Claude API Pricing — May 2026
Definitive Claude API pricing reference. Per-1M-token rates for Opus 4.7, Sonnet 4, and Haiku 3.5, plus cached-input pricing, batch tier discounts, the Opus 4.7 tokenizer drift, and a clean comparison vs OpenAI, Gemini, and DeepSeek.

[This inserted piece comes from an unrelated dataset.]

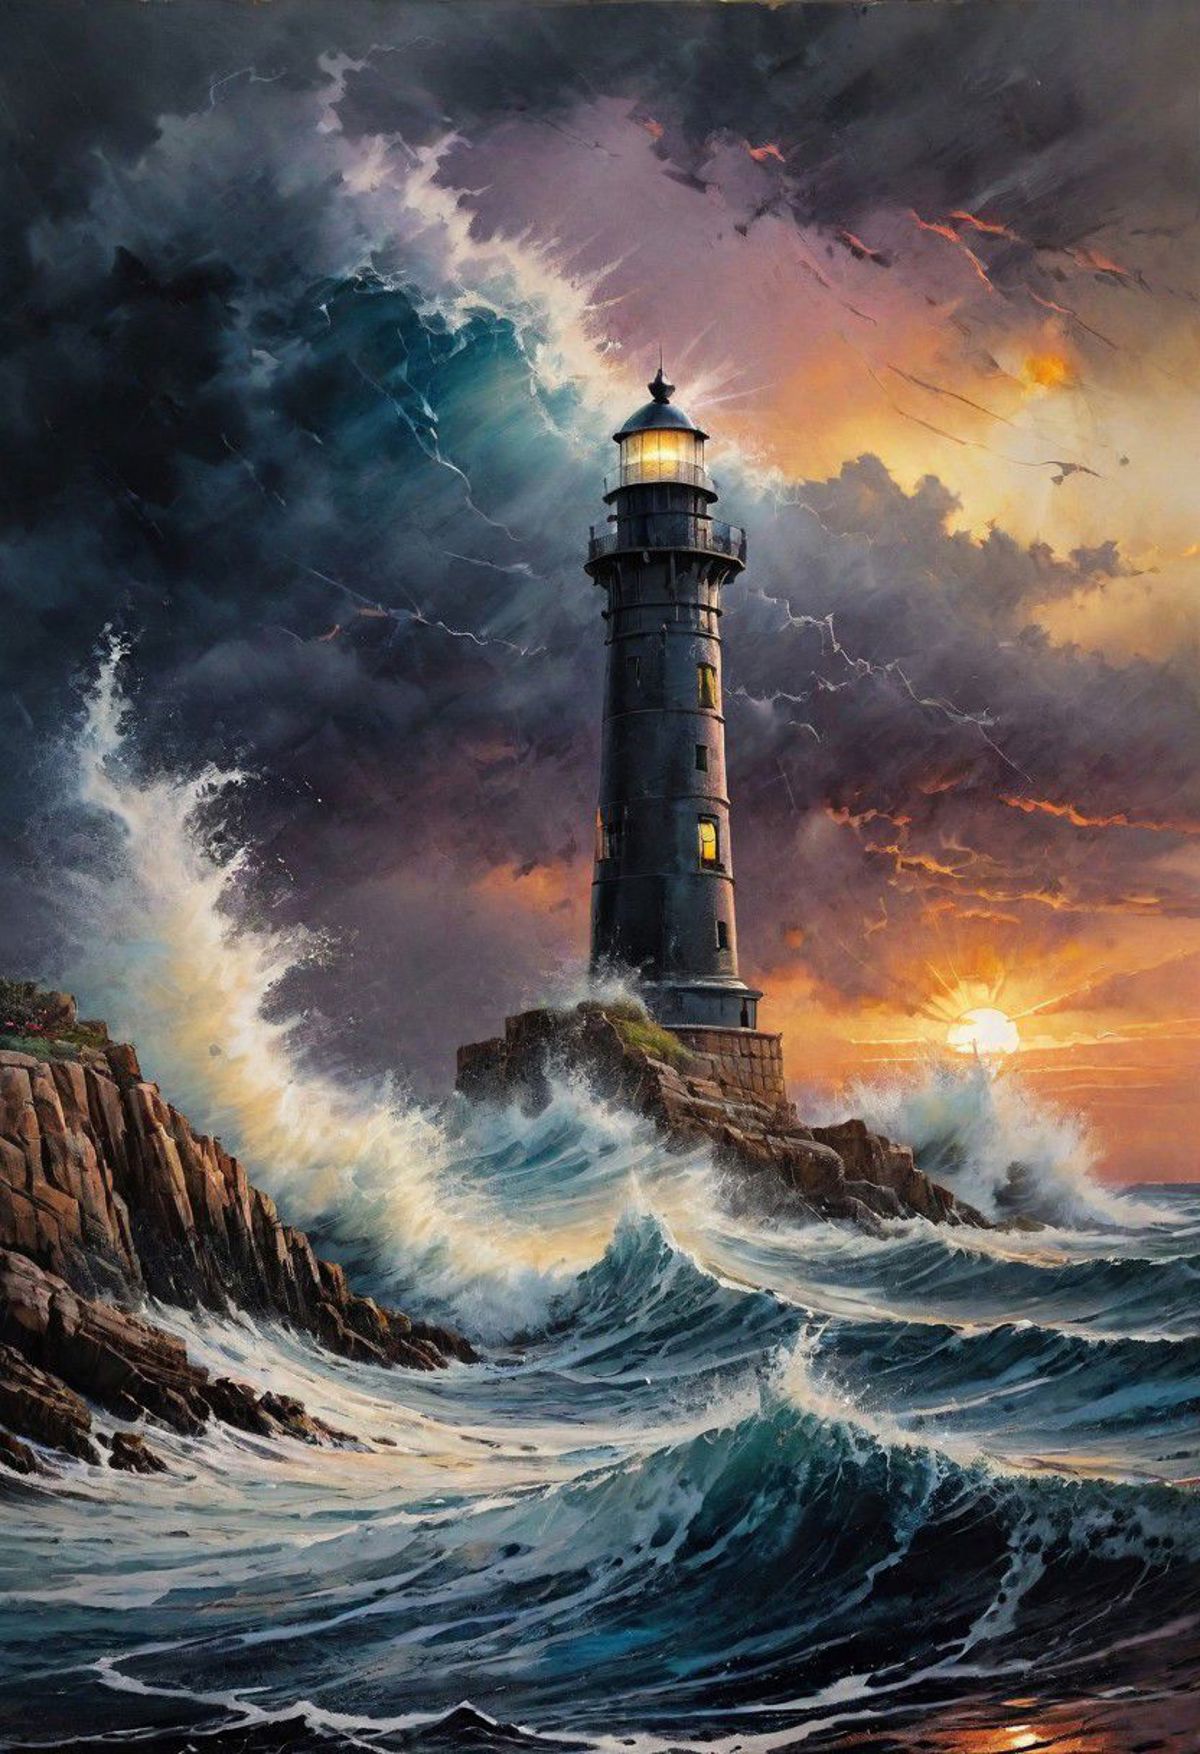 A painting of a lighthouse at sunset on a rocky shore
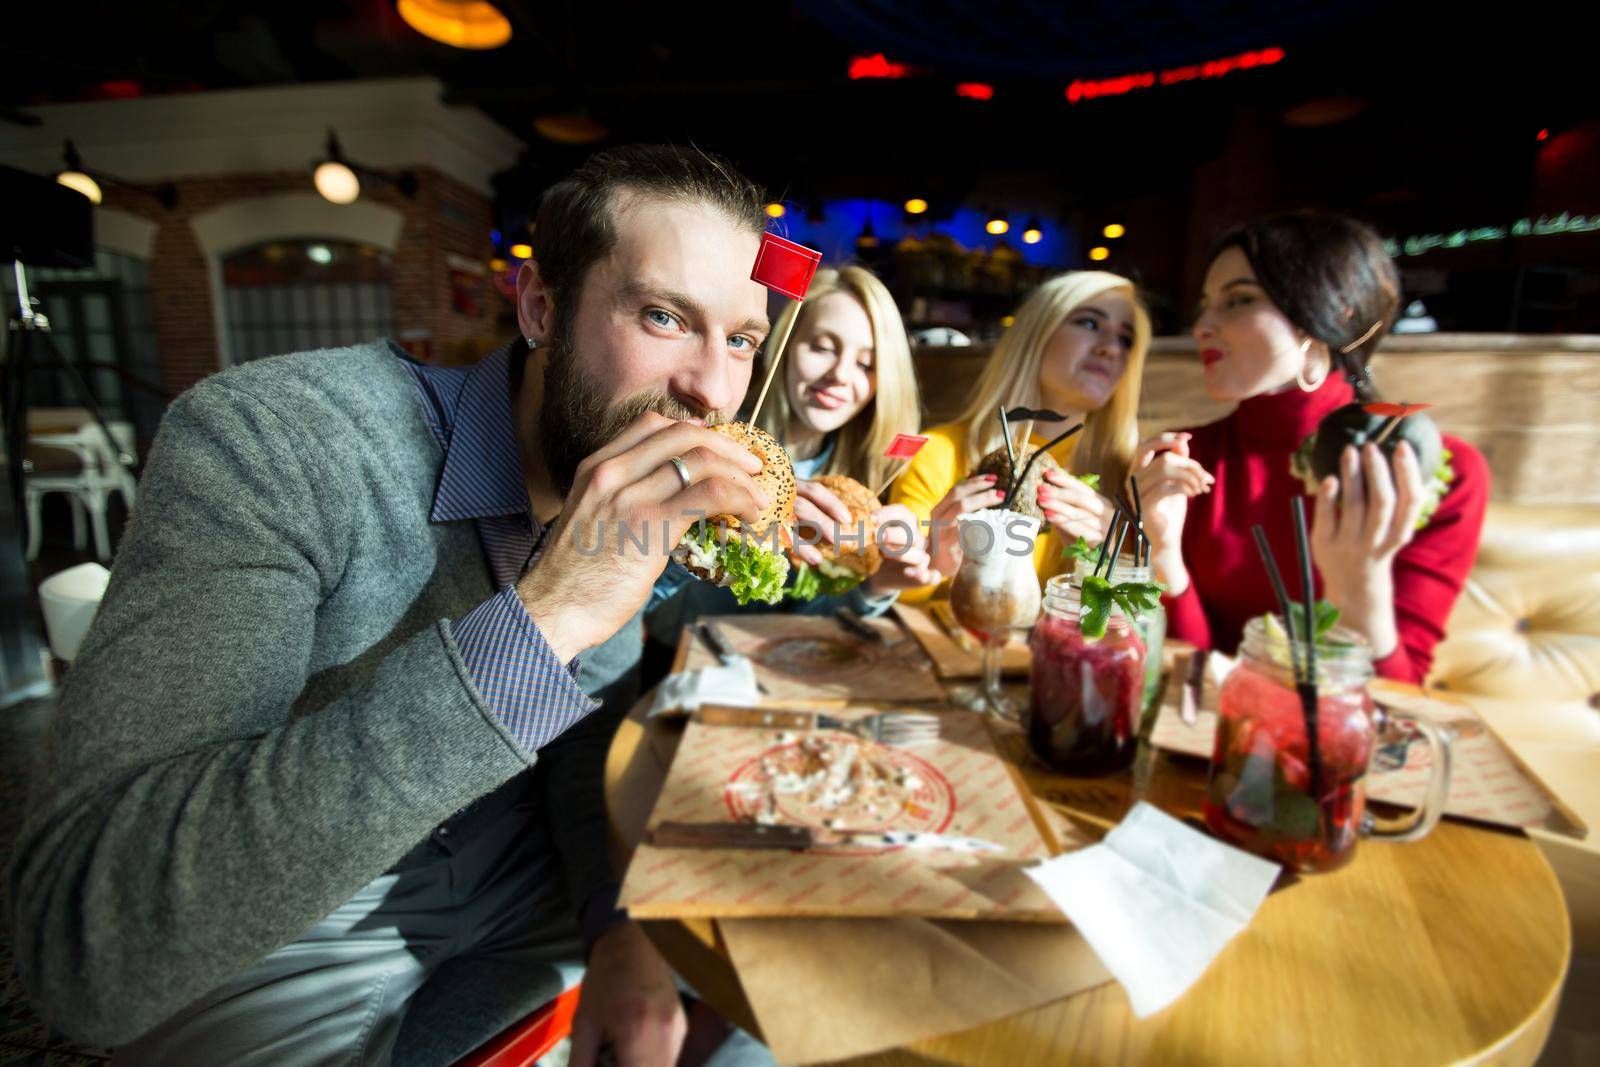 The man takes a bite of his Burger and looking at the camera. Beautiful women laugh and communicate.

Claude model line, list pricing
| Model | Input /1M | Cached /1M | Output /1M | Context |
|---|---|---|---|---|
| Claude Opus 4.7 Coding Arena #1 at 1567 Elo. New tokenizer produces ~35% more tokens per input vs 4.6 — list price unchanged but effective cost rose. | $5.00 | $0.50 | $25.00 | 500K |
| Claude Sonnet 4 The default workhorse tier. Strong tool-use, agentic coding, and long-context reasoning at a fraction of Opus pricing. | $3.00 | $0.30 | $15.00 | 1M |
| Claude Haiku 3.5 Cheapest Anthropic tier. Suited to classification, extraction, and routing. Quality is well below Sonnet but throughput is high. | $0.80 | $0.08 | $4.00 | 200K |
All prices in USD per 1M tokens. Cached column is the per-1M rate for cache hits — 90% off list. Cache writes are 25% more expensive than list. Default cache TTL is 5 minutes.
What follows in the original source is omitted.